Due to an array of limitations observed with metallic and ceramic biomaterials, the use of polymers has been considered as alternative class for craniofacial repair, particularly due to their radiolucency, high strength to weight ratio, good processability and low cost in comparison to metals and ceramics [122]. Moreover, polymers avoid possible artefacts in imaging scanning like CT or MRI due to their radiolucency and being nonmagnetic, thus facilitating unobstructed post-operative clinical diagnoses. Among the others, PMMA, PEEK and PE are the polymers most widely used in craniofacial surgery. Porous PE is soft and frequently applied for the augmentation of facial bone [123, 124]. PMMA was the first synthetic material used for a biomedical application and is now broadly used as prosthetic fixation devices or orthopaedic devices due to its low toxicity and good handle ability during surgery [125, 126]. However, despite the good qualities, PMMA implants show poor adhesion with the surrounding soft tissues [127]. Additionally, a large amount of heat is released during its polymerisation in vivo, causing the temperature rise up to 100 °C which may cause damage to the surrounding soft tissues [128]. PEEK is a biocompatible and semi-crystalline thermoplastic polymer, possessing high heat and gamma ray tolerance, which allow for different sterilisation methods [56]. Strength, stiffness and radiolucency of PEEK are comparable to those of cortical bone [129]; however, due to its bioinert and hydrophobic nature, its binding ability with the surrounding tissues after implantation is very low [130, 131]. Bioinertness is the common shortcoming that can be extended to the whole class of synthetic polymers and which encouraged researchers to move their focus into a new direction. The physico-chemical and mechanical properties of various biomaterials, for each of the three classes described above, have been summarised in Table 2. This provides a reference for their selection towards the development of an implant according to the requirements of the host tissue that needs to be replaced or repaired.

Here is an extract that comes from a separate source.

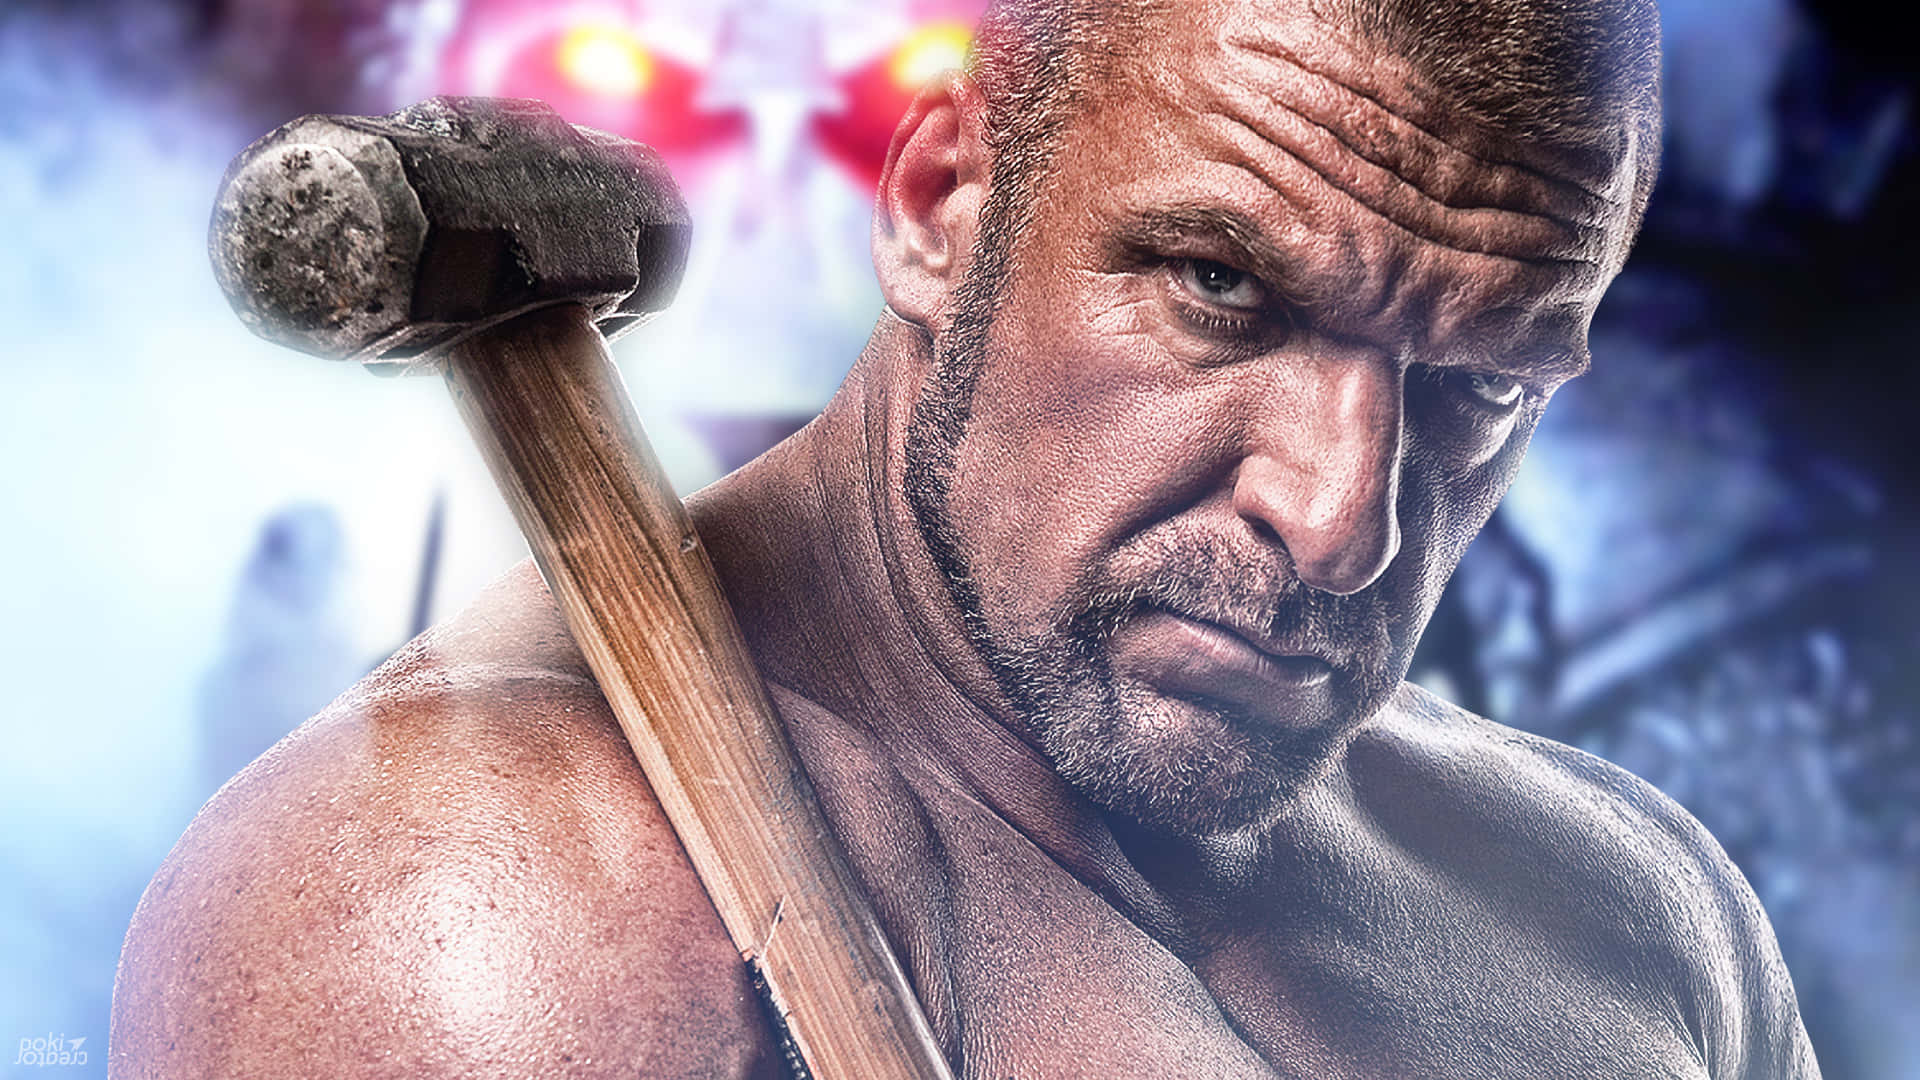 Triple H Holding A Sledgehammer Background

Table 2 Summary of different biomaterials for implantation with their material properties

5 Polymeric matrix composite materials

Composite materials are the result of the combination of two or more phases, where the reinforcement element and the matrix are integrated to improve the properties of the final material [143]. Composite materials’ properties depend upon the composition and the interaction between the individual phases [144]. Human bone is a clear example of natural composite material, based on mineral HA crystals embedded into an organic collagen phase [145]. In the context of craniofacial repair, recent literature has highlighted the use of composites to tailor the mechanical properties and enhance the bioactivity of the implant [22, 25, 113, 146].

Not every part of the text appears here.